Using `:contains` on the `_text` or `_content` modifies the search engine to perform a direct substring match anywhere within the field.


# Experimental Extended Lucene/Elasticsearch Indexing

Additional indexing is implemented for simple search parameters of type token, string, and reference.
These implement the basic search, as well as several modifiers:
This **experimental** feature is enabled via the `setAdvancedHSearchIndexing()` property of JpaStorageSettings.

## Search Parameter Support

Extended Lucene Indexing supports all of the [core search parameter types](https://www.hl7.org/fhir/search.html).
These include:
- Number
- Date/DateTime
- String
- Token
- Reference
- Composite
- Quantity
- URI

## Date search

We support date searches using the eq, ne, lt, gt, ge, and le comparisons.  
See https://www.hl7.org/fhir/search.html#date.

## String search

The Extended Lucene string search indexing supports the default search, as well as `:contains`, `:exact`, and `:text` modifiers.
- The default (unmodified) string search matches by prefix, insensitive to case or accents.
- `:exact` matches the entire string, matching case and accents.
- `:contains` match any substring of the text, ignoring case and accents.
- `:text` provides a rich search syntax as using a [modified Simple Query Syntax](#modified-simple-query-syntax). 

See https://www.hl7.org/fhir/search.html#string.

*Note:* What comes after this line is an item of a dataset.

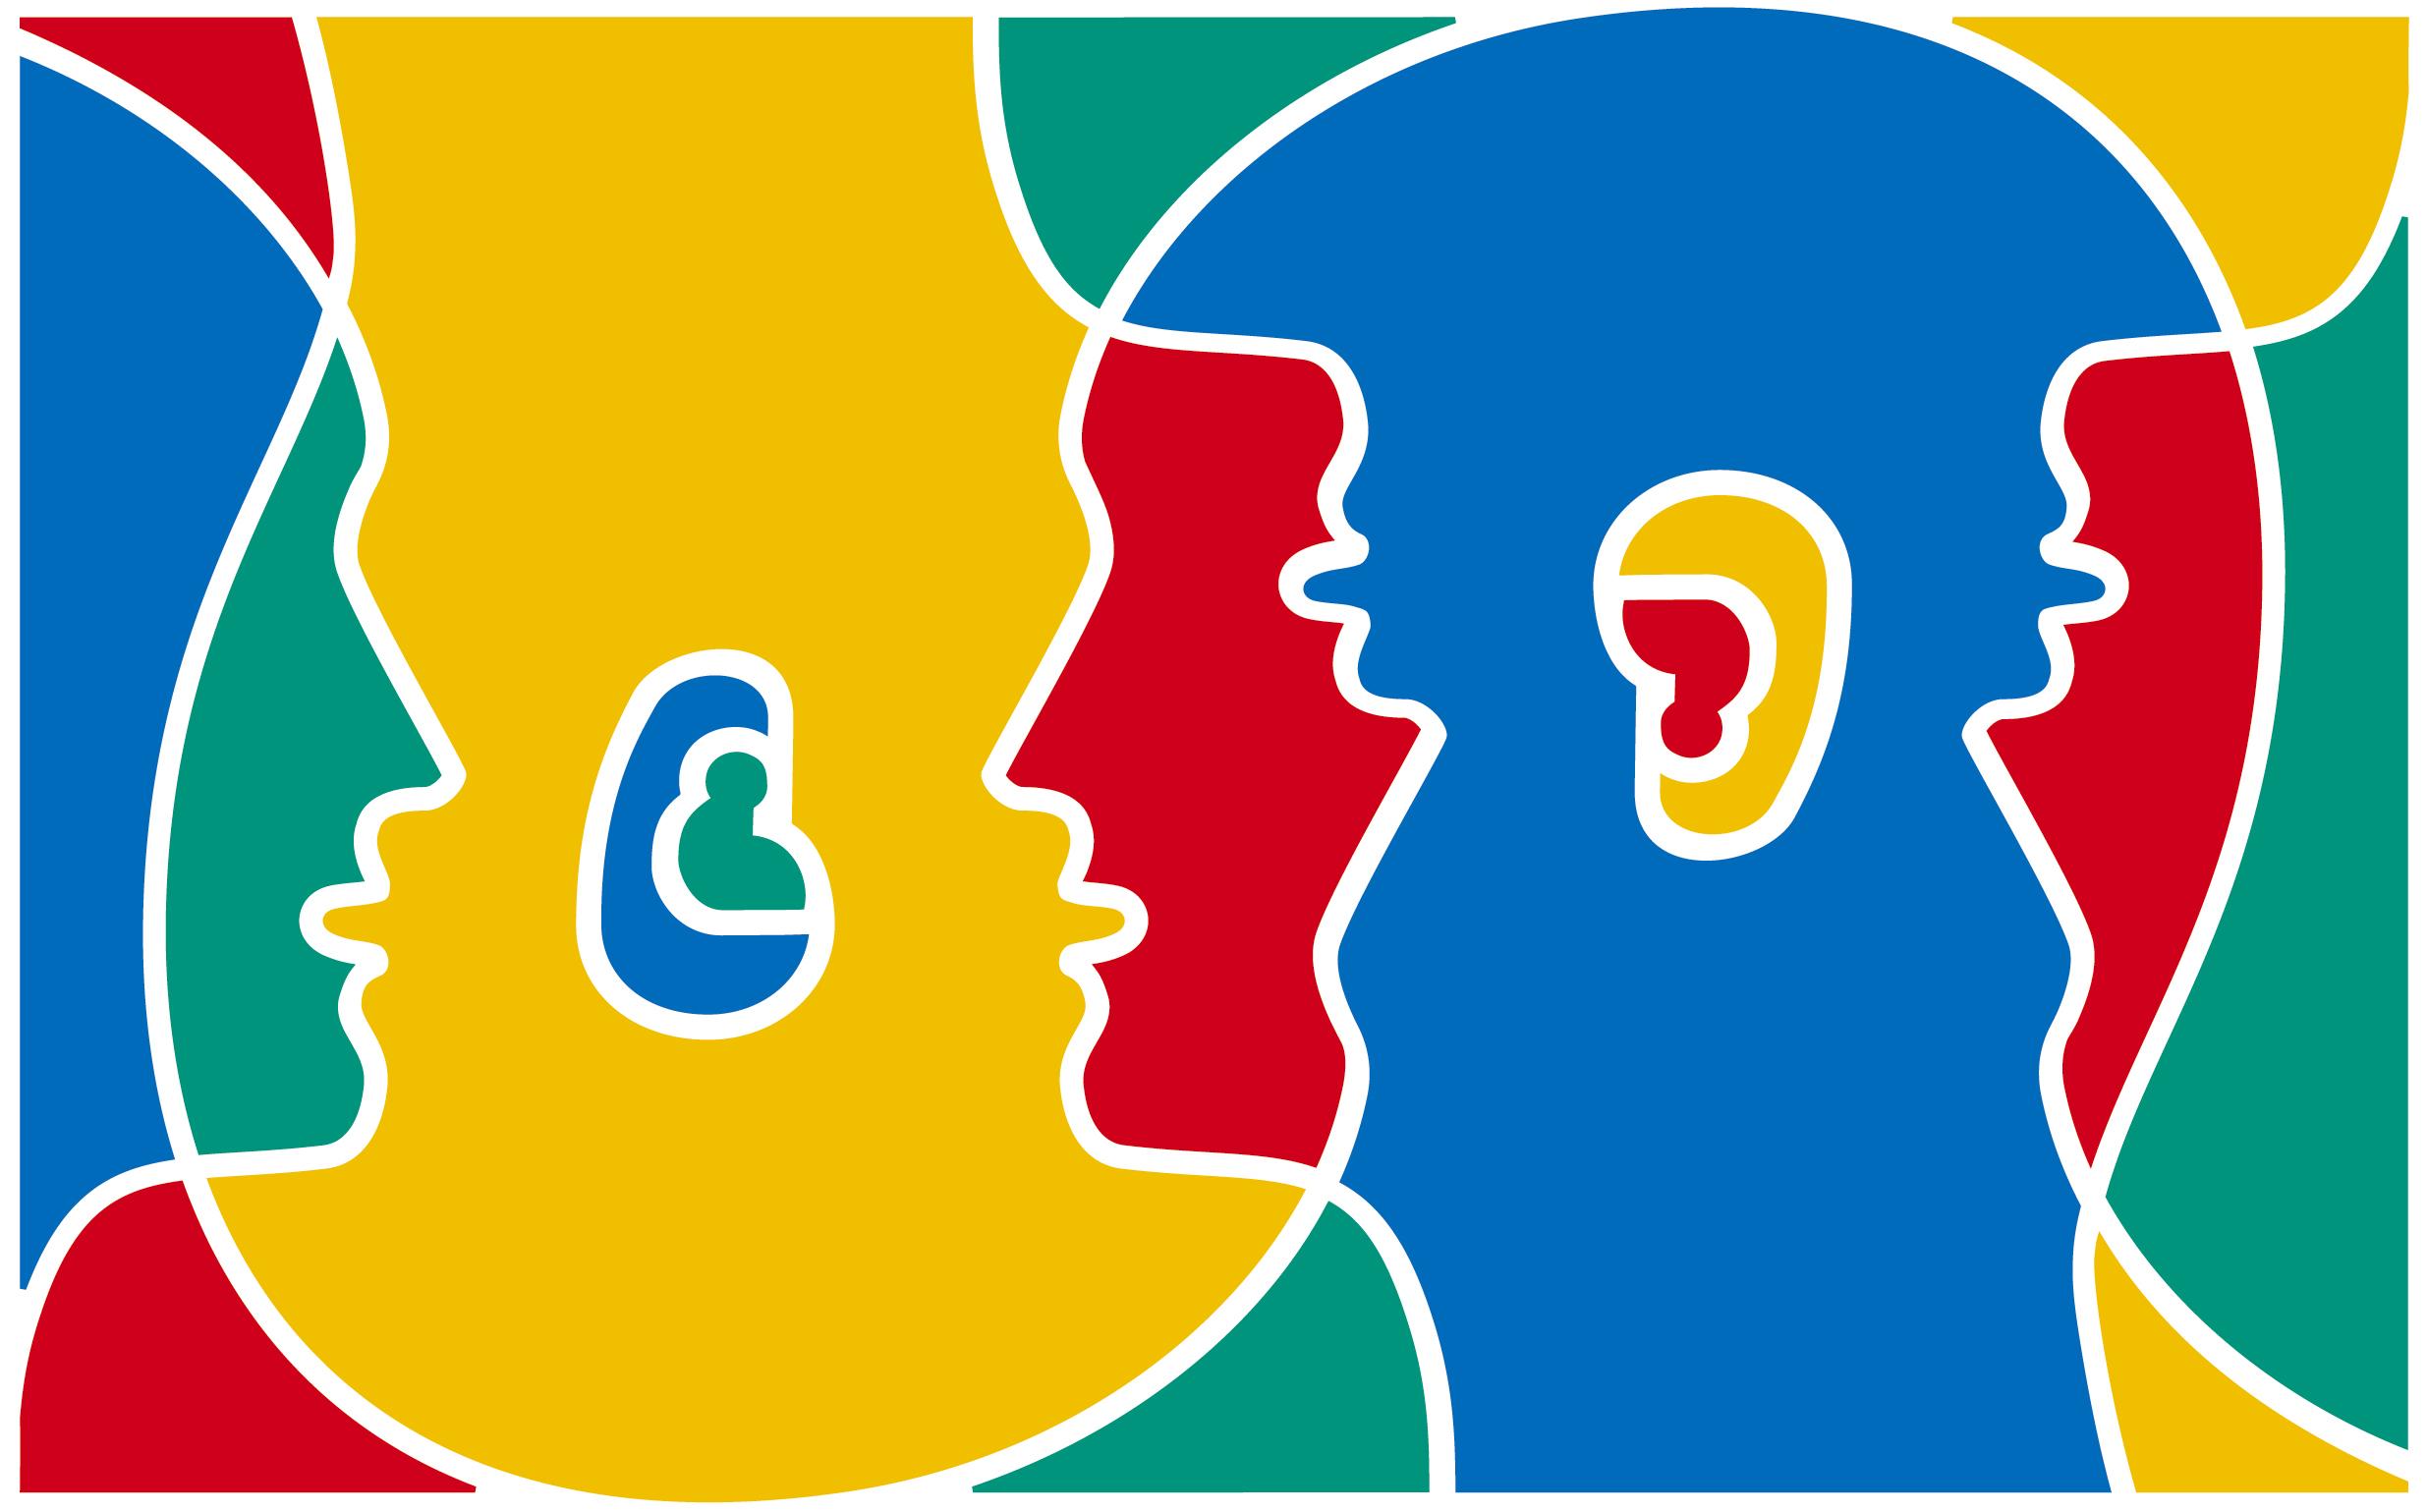 journée européenne des langues 2019 logo association odyssée bordeaux france interculturelle activités jeune européen européenne europe erasmus
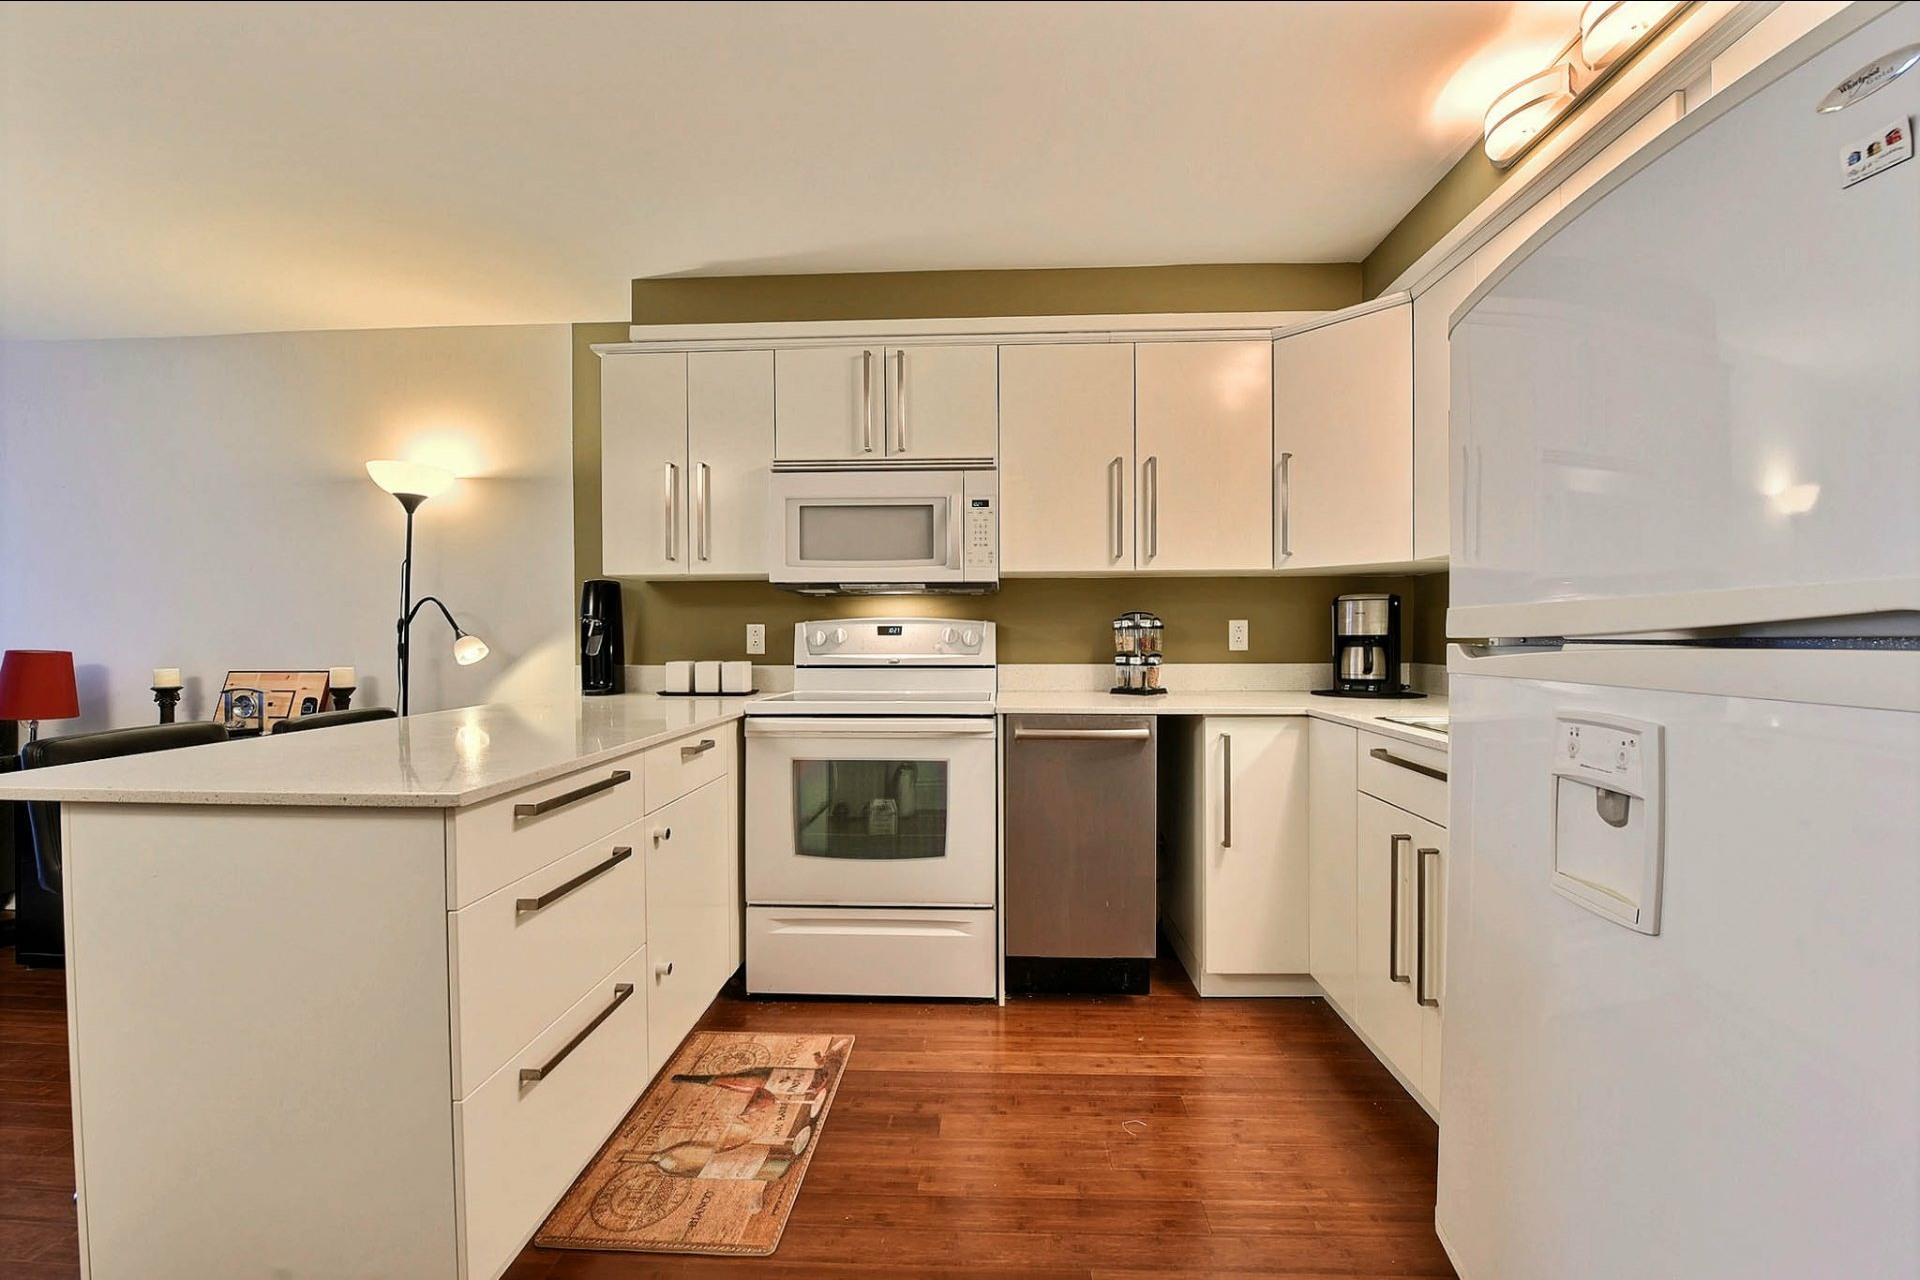 image 10 - Apartment For sale Montréal Mercier/Hochelaga-Maisonneuve  - 5 rooms

## Modified Simple Query Syntax

The `:text` modifier for token and string uses a modified version of the Simple Query Syntax provided by
[Lucene](https://lucene.apache.org/core/8_10_1/queryparser/org/apache/lucene/queryparser/simple/SimpleQueryParser.html) and
[Elasticsearch](https://www.elastic.co/guide/en/elasticsearch/reference/current/query-dsl-simple-query-string-query.html#simple-query-string-syntax).
Terms are delimited by whitespace, or query punctuation `"'()|+`.  
Literal uses of these characters must be escaped by `\`.
If the query contains any SQS query punctuation, the query is treated as a normal SQS query.
But when the query only contains one or more bare terms, and does not use any query punctuation, a modified syntax is used.
In modified syntax, each search term is converted to a prefix search to match standard FHIR string searching behaviour.
When multiple terms are present, they must all match (i.e. `AND`).
For `OR` behaviour use the `|` operator between terms.
To match only whole words, but not match by prefix, quote bare terms with the `"` or `'` characters.

Examples:

| Fhir Query String | Executed Query    | Matches      | No Match       | Note                                    |
|-------------------|-------------------|--------------|----------------|-----------------------------------------|
| Smit              | Smit*             | John Smith   | John Smi       |                                         |
| Jo Smit           | Jo* Smit*         | John Smith   | John Frank     | Multiple bare terms are `AND`           |
| frank | john | frank | john | Frank Smith  | Franklin Smith | SQS characters disable prefix wildcard  |                               
| 'frank'           | 'frank'           | Frank Smith  | Franklin Smith | Quoted terms are exact match            |

## Token search

The Extended Lucene Indexing supports the default token search by code, system, or system+code, 
as well as with the `:text` modifier.
The `:text` modifier provides the same [modified Simple Query Syntax](#modified-simple-query-syntax) used by string `:text` searches.  
See https://www.hl7.org/fhir/search.html#token.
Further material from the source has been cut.